On February 13 UNESCO is asking radio stations around the world to showcase the beauty of sport, in all its diversity. Community radio award winner IAN NOCKOLDS reports on World Radio Day.
This will be the seventh time that UNESCO have celebrated the power of radio across the world, engaging radio stations, regulatory bodies and the public, in a celebration of sport and its ability to inspire and connect communities.
I’ve had the pleasure of covering grassroots sport on Somer Valley FM, a community radio station based in North East Somerset, for the best part of ten years. My ambition was to shine a light on the clubs that commercial and public service broadcasters so often overlook.

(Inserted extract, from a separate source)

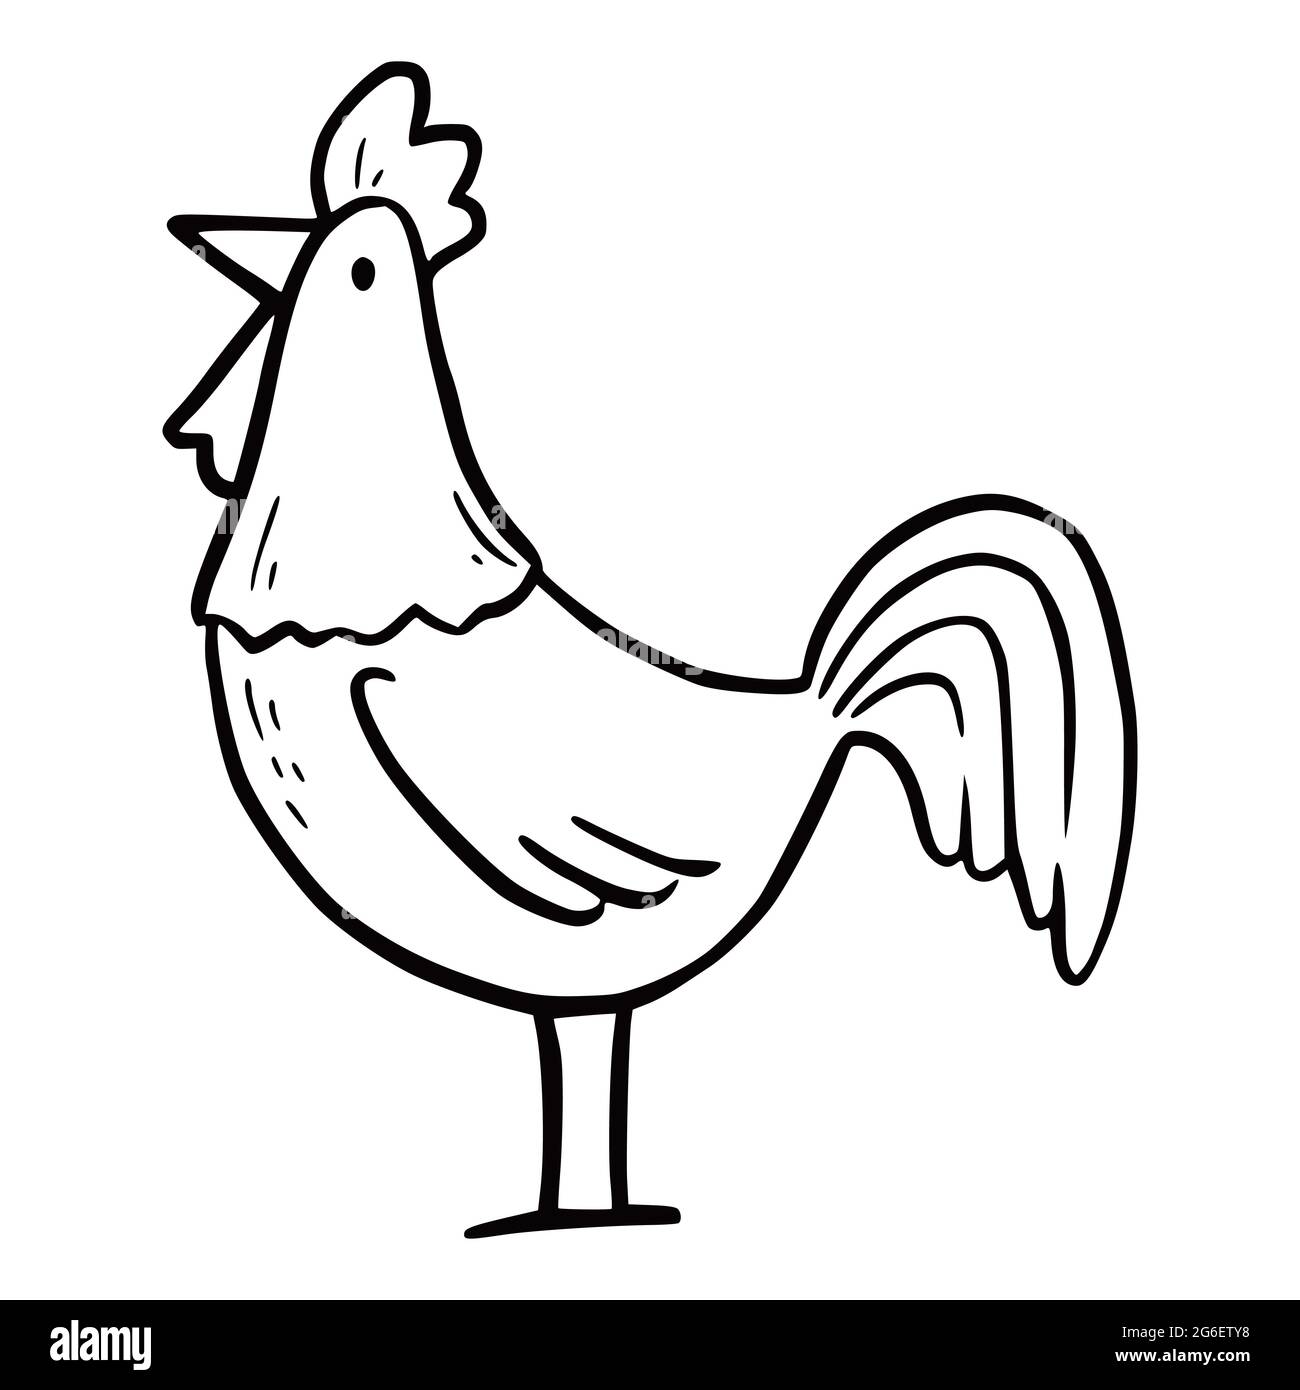 Chicken Drawing Images  Free Download on Freepik

The more that professional sport has become a business, the greater the separation between club and community. Community sport reminds us that the strength of any pyramid is not its pinnacle but its base.
It is all too common for the community sector to malign the professional broadcast industry as impure and morally bankrupt. I have even heard suggestions that the BBC needs the community sector more than the community sector needs them, yet nothing could be further from the truth.
I learned a lot during my time at Somer Valley, working with many great people, but nothing compared to what I learned in one afternoon with the BBC.
Thanks to the excellent relationship Somer Valley has with BBC Bristol, the sports team invited me to join their reporter, Ed Hadwin, for the full matchday experience at Bristol City. Ed was kind enough to talk to me about the kit he used and the format of the BBC’s Saturday sports programming.
I’d never listened before – too busy covering Western League and Southern League matches – yet I assumed my coverage was at least as good, if not better, than theirs. It quickly became apparent that Ed’s technical knowledge was far superior to my own and he was capable of multi-tasking in a way that I thought was impossible.
At my best, I may have been able to come up with something that sounded vaguely like a professional commentary, but I never had to write a match report, provide two reports to studio and lead a press conference, with a manager who was as volatile as he was embattled. In my opinion, that’s true class.
Going back to UNESCO. Their ambition is to promote media pluralism. The community sector, which is doing wonderful work to promote grassroots sport, can learn from professional broadcasters. World Radio Day is an opportunity for the community sector to appreciate rather than criticise the journalists, commentators and broadcasters that produce peerless coverage of elite sport.
I hope other community broadcasters get the chance to benefit as I did. One afternoon with Ed had a profound impact, not just in terms of highlighting what I didn’t know, but appreciating we are all in this together.
My real hope is that those professional broadcasters, who have so much to offer, will feel that World Radio Day represents the opportunity for them to make the first move. Don’t wait to be asked!